The Connecticut Open was a golf event in 1915 and 1916. The event was held in New London, Connecticut. It was won by the English golfer Jim Barnes both years. Though the event boasted "a large measure of success" with "fine fields" it was never official hosted by the Connecticut Golf Association.

== History ==
In 1915, the event was held at Shennecossett Golf Course at Eastern Point. It was reported by the New-York Tribune that this was the first-ever Connecticut Open. The day before the event proper, on Thursday July 22, there was a "preliminary competition." The event proper was 36 holes. The event was one day long, played on Friday July 23. The field of 72 included many of "the leading professionals" of the day like Jim Barnes, Mike Brady, Jock Hutchison, Fred McLeod, Tom McNamara, George Sargent, Louis Tellier, and Alex Smith. Barnes won the event by five shots over Brady and Hutchinson. Barnes had a total of 148.

In 1916, the event was also held at Shennecossett. Again the event was one day long and two rounds. There was a gallery of 1,000 people.
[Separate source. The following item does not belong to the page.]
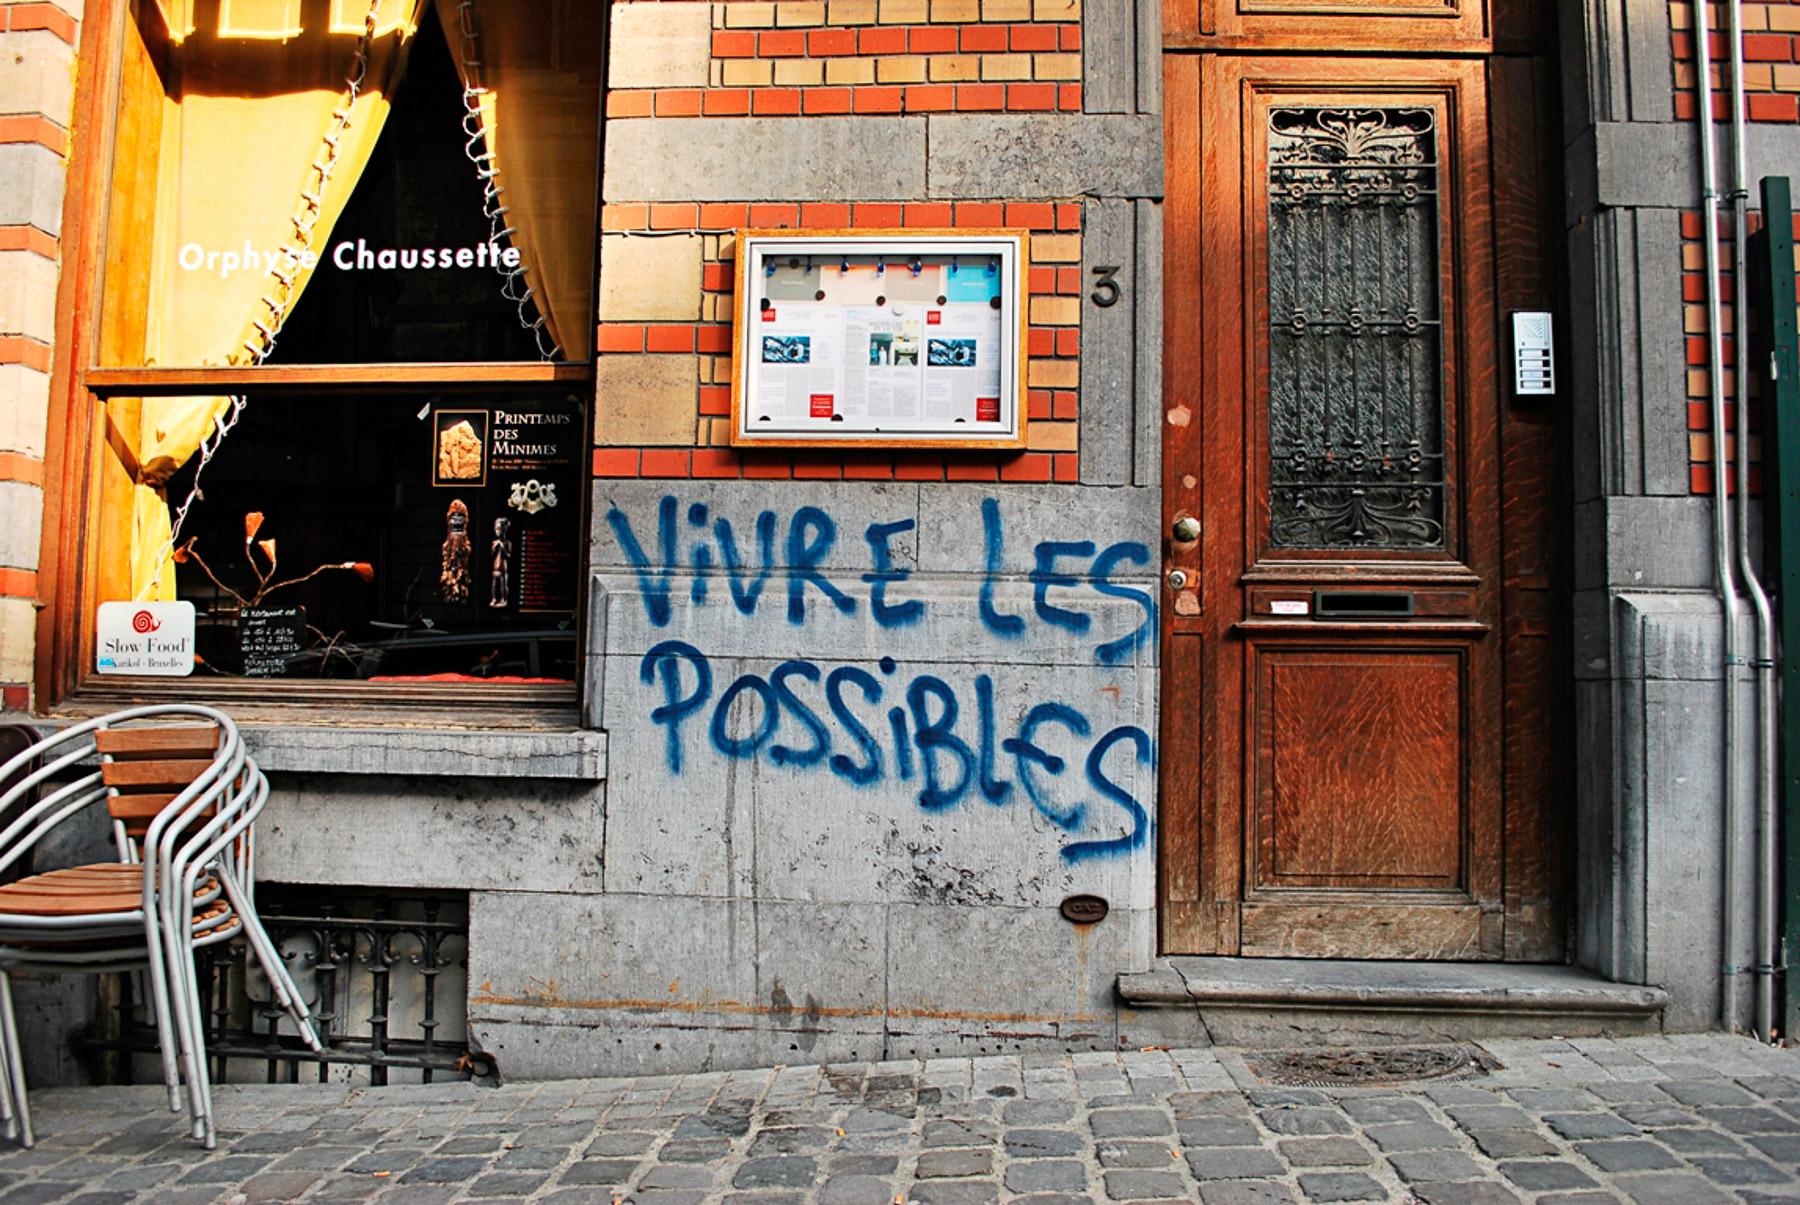 patricia-vanrespaille-photographer-life-through-my-lens-004.jpg

According to The New York Times, the favorites to win the tournament were Mike Brady, Walter Hagen, and Jim Barnes. In the morning round, Macdonald Smith broke the course record with a 69 to take the lead. Brady, Alex Smith, and Barnes were, respectively, the next three players. By the 7th hole of the afternoon round, however, Brady had taken the lead. According to The Boston Post, however, the 15th hole "was his Waterloo." Brady hit his tee shot in the bunker while Smith hit his on the green. Smith made his putt for a two. Brady took two shots to get out of the bunker and made a five. He was now one behind leader Smith. The 16th hole turned out to be the "decisive hole" of the tournament. Smith missed a two-foot putt and recorded a four. Meanwhile, Barnes "made a nice 3" and "once again changed the positions of all." Barnes now had a one-stroke lead over Brady and the Smith brothers. Barnes, Brady, and Alex Smtih all made four at the final two holes. Barnes defeated Brady and Smith by one. Brady and Smith split the second and third place money. MacDonald Smith, meanwhile, finished with a 5 and then a 4 on the final two holes for a 79 to finish in solo fourth place at 148, two back. Barnes received a gold medal. In addition, he won $200. The low amateur was J.T.L. Hubbard. He finished at 158, finishing in a tie for 20th place overall with the notable professional Walter Hagen.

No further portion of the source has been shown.